Saroo lived with his mother and his three siblings in a small village in India. He often saw his mother cry because their life wasn’t easy. One day, he went along with his brother Guddu, who now and then earned a little money sweeping out trains. After boarding the train, his brother left him alone, saying, “Just stay here and I’ll come back.” Saroo decided to take a nap, figuring his brother would wake him up when he returned. But he didn’t return. Instead, when Saroo woke up, he was all alone in the wagon and had no idea where he was!
Saroo was unable to read, write or count. He not only didn’t know the name of his home town, but he also didn’t know what the region was called nor the name of his family. He had no way to contact his mother! At the tender age of four, Saroo found himself all alone, begging in the streets of Calcutta.

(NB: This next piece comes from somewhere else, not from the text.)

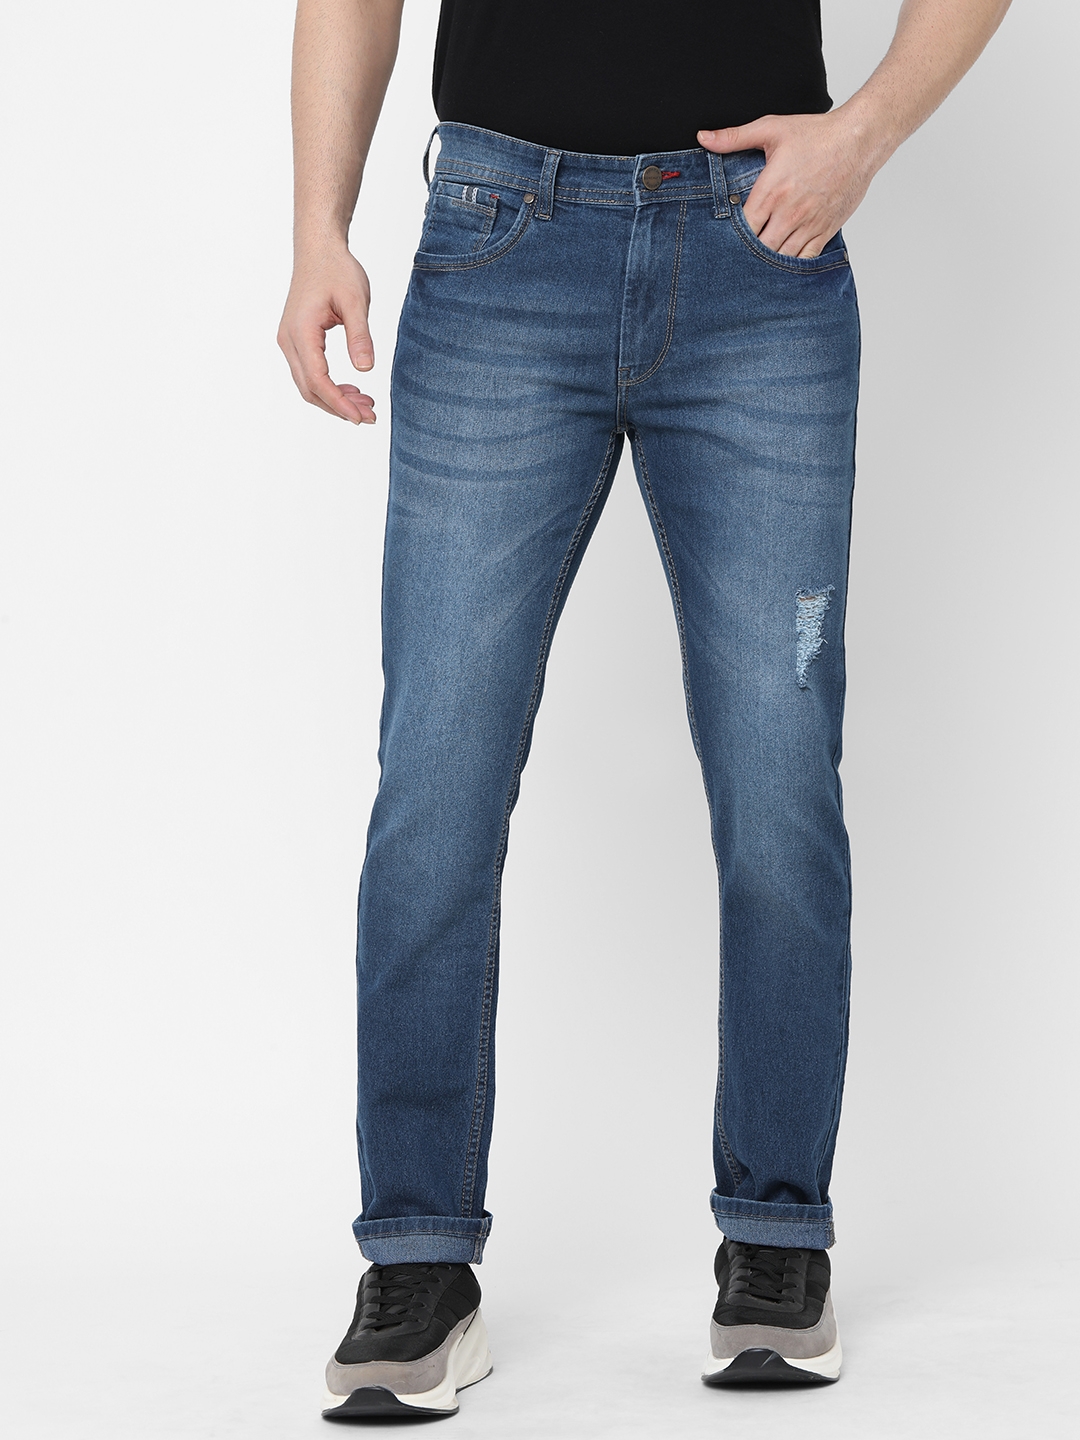 Men's Blue Cotton Ripped Jeans

It didn’t take long before a teenager noticed Saroo wandering the streets alone and brought him to a center for abandoned children. They took him in and soon after, Saroo was placed for adoption by the Indian Society for Sponsorship and Adoption. Fortunately, an Australian family adopted him and his life took a completely different and unexpected path, far from the struggle and danger he had known… but also far away from everything familiar, especially from his mother and siblings, whom he missed terribly!
Meanwhile, Saroo’s mother back in India was looking everywhere for her missing boy. She tried contacting the authorities, but there was no trace of him. She was inconsolable with grief and her days were filled with tears.
In Australia, Saroo’s adoptive mother hung a map of India in his room to remind him of his roots. Every day, he woke up and saw the map of his home country and was haunted with questions: Where was his family? What had become of them? Would he ever see them again?
Saroo never stopped wondering. Many years later, as an adult, he started looking for his family using an unusual method… Google Earth! It was his only hope. He spent entire days zooming in and out of Calcutta’s surroundings, virtually walking down every alley, hoping to see something he recognized.
One day, he was amazed to come across a very familiar looking bridge near a factory by a river. That was it! The place where he had lost his brother! From that moment, the pieces of the puzzle started to fall into place. On the satellite images, he spotted a fountain where he had been injured 25 years earlier. Then, the ultimate revelation. The name of his village: Ganesh Talai.
Saroo could hardly believe it. With his heart in his throat, he flew to India and took the train leading him to the village where he was born. It was like travelling back in time. A flashback. Then another.
Three women were standing nearby. Without a word, one of them took him in her arms, immediately recognizing her little boy from 25 years ago. It was his mother. “She rang my sister and my brother to say that, you know, ‘Your brother has just all of a sudden appeared, like a ghost,’” Saroo said with a smile. “And then the family was reunited again.”
Saroo was overcome with emotion. After all these years of searching, he saw his family again for the first time since that fateful day so long ago when he got lost in the sprawling city. Almost everyone in his family, that is. Sadly, he learned that something terrible had happened to his older brother Guddu. He had been found one month after he had disappeared, crushed by a train. Despite the terrible sadness this news brought, Saroo was overjoyed to have found his original family again.
“It was a needle in a haystack,” the young man said. “But the needle was there. Everything was there! Everything we have in the world is at the tap of a button, but you’ve got to have the will and determination…”
Now that he has found his family again, Saroo sends them money every month so that his mother doesn’t have to work so hard anymore.
In developed countries, four-year-old children play with their friends, have lavish birthday parties, get taken to amusement parks, and have fancy electronic toys. In India, they beg for coins on the trains to help their families to survive. Saroo’s story has a happy ending, but millions of young children aren’t so lucky and grow up in terrible poverty.
Saroo was fortunate to be adopted by loving parents. Later, he published a book about his incredible life called A Long Journey Home. After his mother had shed so many tears in mourning for her two sons, Saroo’s journey finally ended by bringing her tears of happiness. What a beautiful tribute to this young man’s determination and ingenuity.